Adrian Culley, Senior Sales Engineer at SafeBreach, adds some observations about the expected actions of the attackers: “While one of their objectives is stealing intelligence for geopolitical and economic advantage, the second, more dangerous goal is to actively steal proprietary source code and internal vulnerability information from compromised technology and SaaS vendors. They steal the blueprints to widely used software, take it back to their labs and reverse engineer it to find new, undiscovered zero-day vulnerabilities. It’s a “steal today, weaponize tomorrow” model that creates a terrifying feedback loop. And, by hitting a SaaS vendor, they gain a potential pivot point into the networks of every single one of that provider’s downstream customers. The security of thousands of organizations is suddenly dependent on the security of their single most vulnerable vendor. Against an adversary using zero-days, living in your blind spots, and moving with stolen credentials, the old model of waiting for a security alert is fundamentally broken. In this new reality, the alert may never come. The only way to defend against a silent, patient attacker is to shift from a reactive to a proactive security posture—organizations have to assume they have already been compromised and continuously hunt for these behaviors.”

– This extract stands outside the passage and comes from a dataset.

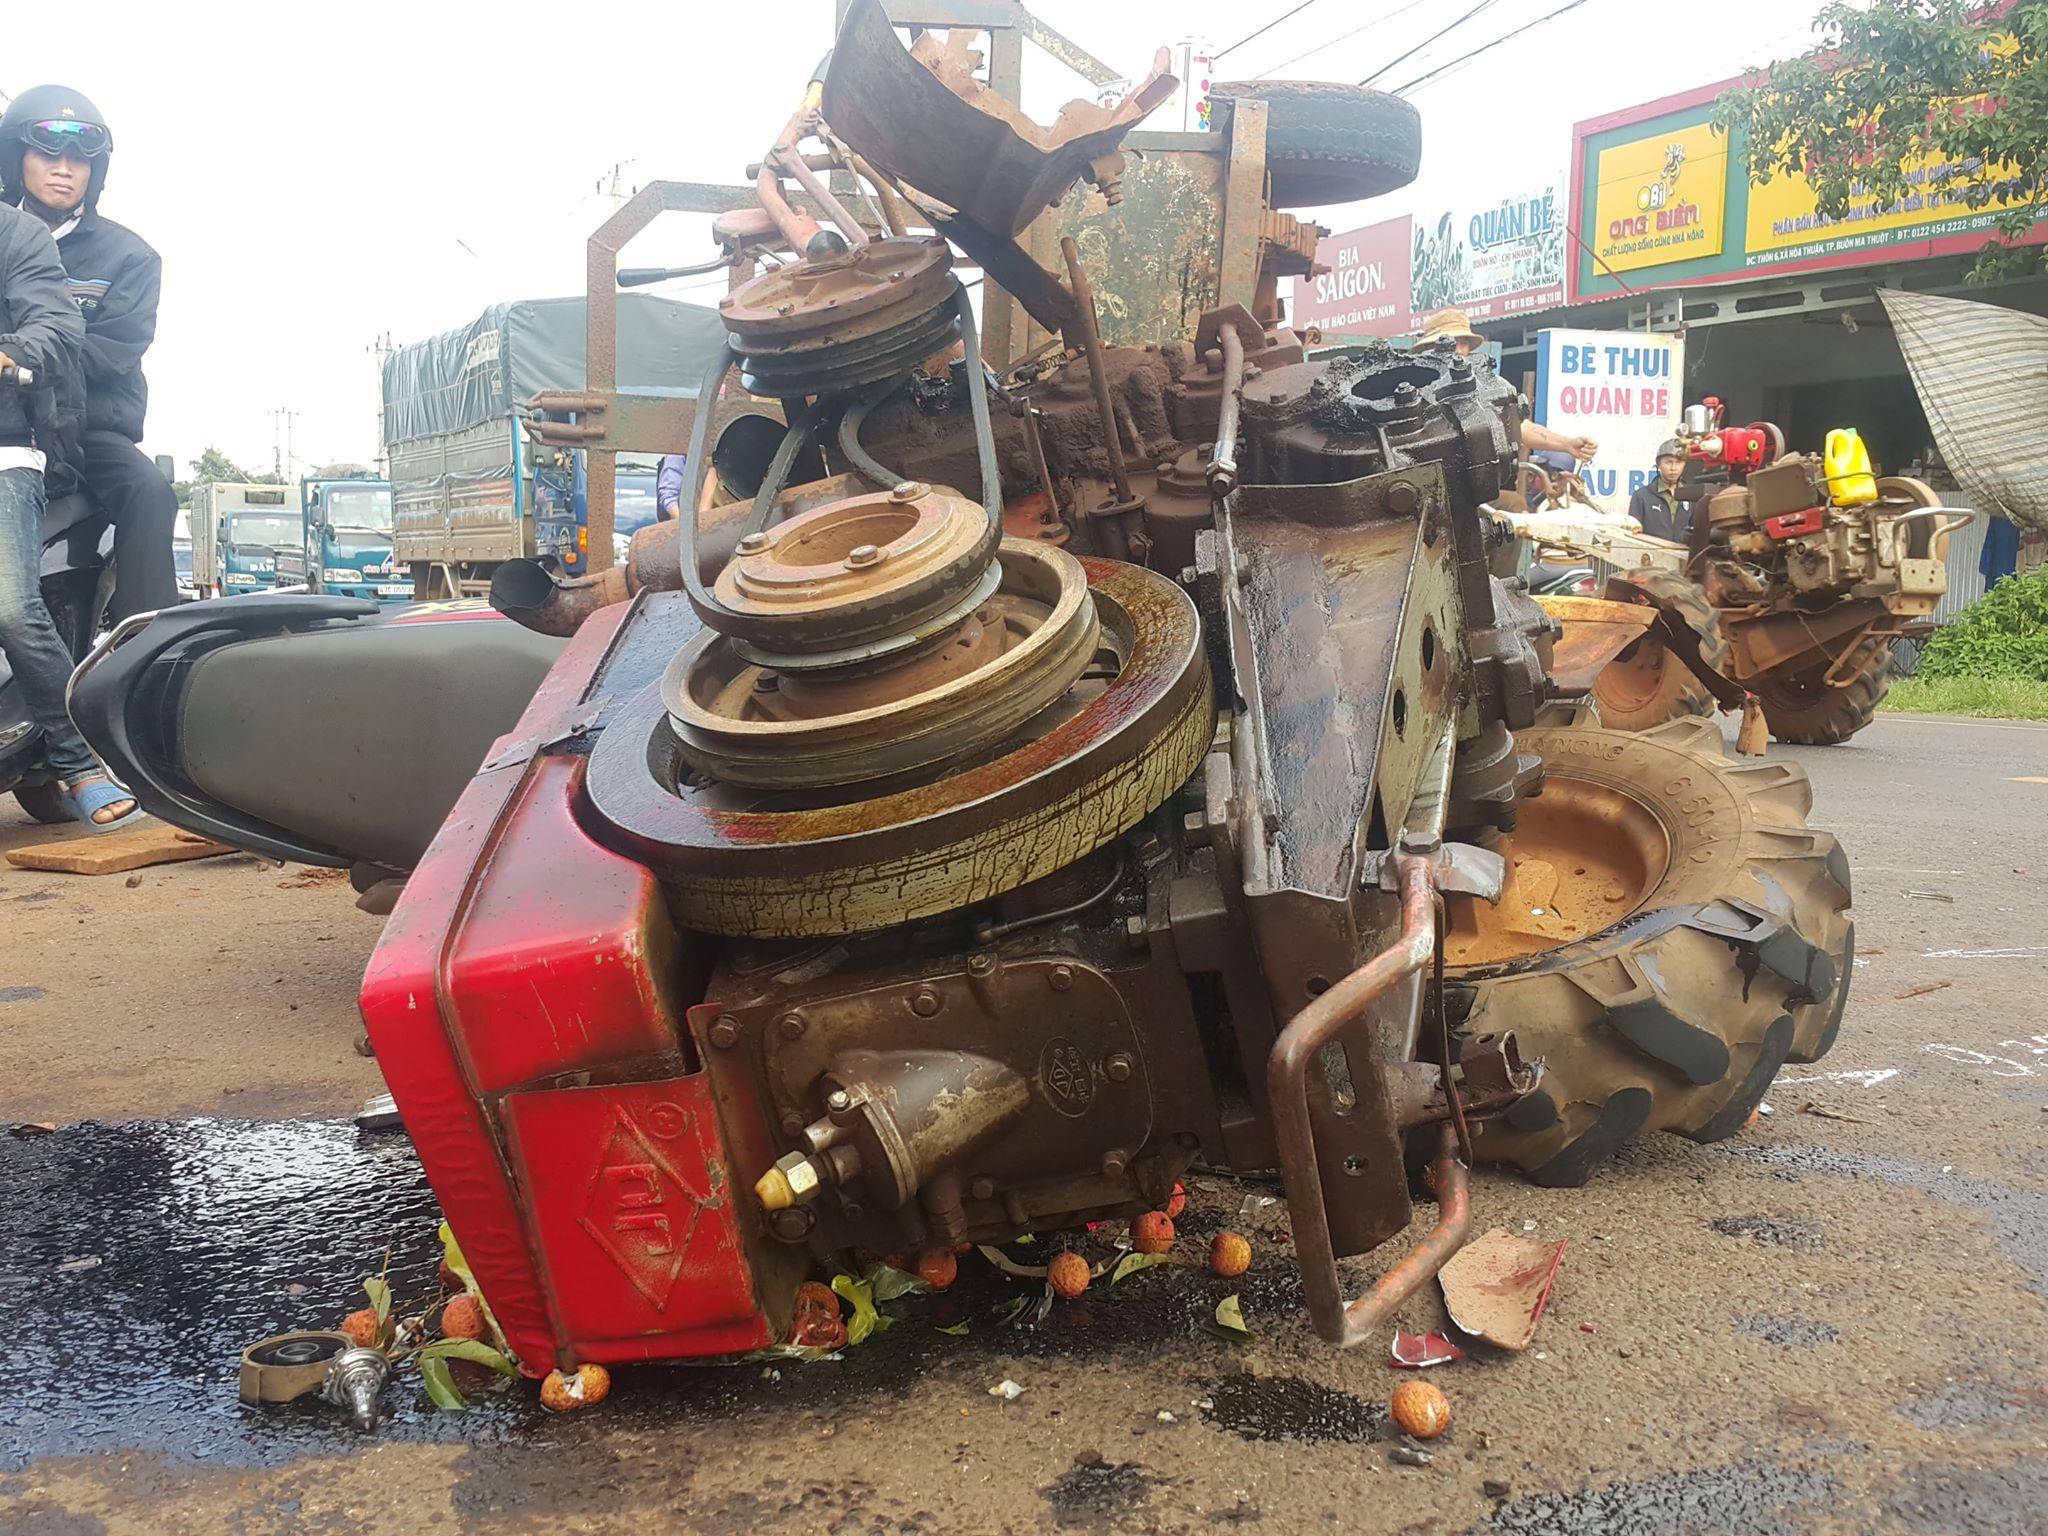 Xe máy cày và xe máy đối đầu kinh hoàng 10 người bị thương Ảnh 2

Jon Baker, VP of Threat-Informed Defense at AttackIQ, adds: “Brickstorm excels at remaining undetected within networks, and provides capabilities for persistence, lateral movement, and secure command and control. The malware runs continuous health checks on itself, allowing it to reinstall and restart if tampered with, ensuring its continued operation. All of this comes together to create a stealthy and resilient malware that can spread across networks and remotely take over entire systems. Brickstorm largely targets organizations that provide government or IT services, opening the door to large-scale espionage or data theft campaigns, as well as the compromise of critical operations and infrastructure. At-risk organizations should implement VMware’s hardening guidance, monitor for suspicious outbound connectivity from edge devices, and increase surveillance on service accounts while restricting service account privileges.”
Gabrielle Hempel, Security Operations Strategist at Exabeam, notes that this is yet another prompt to consider security upgrades: “More low-and-slow attacks to round out the year, as predicted. The interesting thing about BRICKSTORM is that it’s really targeting control planes and not just endpoints. You’re seeing vSphere, vCenter, and authentication infrastructure being targeted, and this is strategic: once an adversary owns your hypervisor layer, your traditional EDR, NDR, and many SIEM tools become blind to this because the attacker is no longer living in normal host or network telemetry. Once an attacker can spin up infrastructure in your virtualization layer, they gain credential harvesting at scale, resilient persistence and stealth, and the ability to stage second-order attacks against downstream customers or partners. This should be changing how boards and CISOs think about the “blast radius” and systemic risk and not just individual system compromise. These types of attacks are a perfect example of why signature-only detection is becoming obsolete against nation-state tradecraft. This is the same quiet operational pattern we’ve seen across multiple PRC campaigns targeting utilities, telecom, defense contractors, etc. Behavioral and contextual analytics are no longer “nice to have”, they are the only way to detect activity that is intentionally designed to look normal at the surface level.”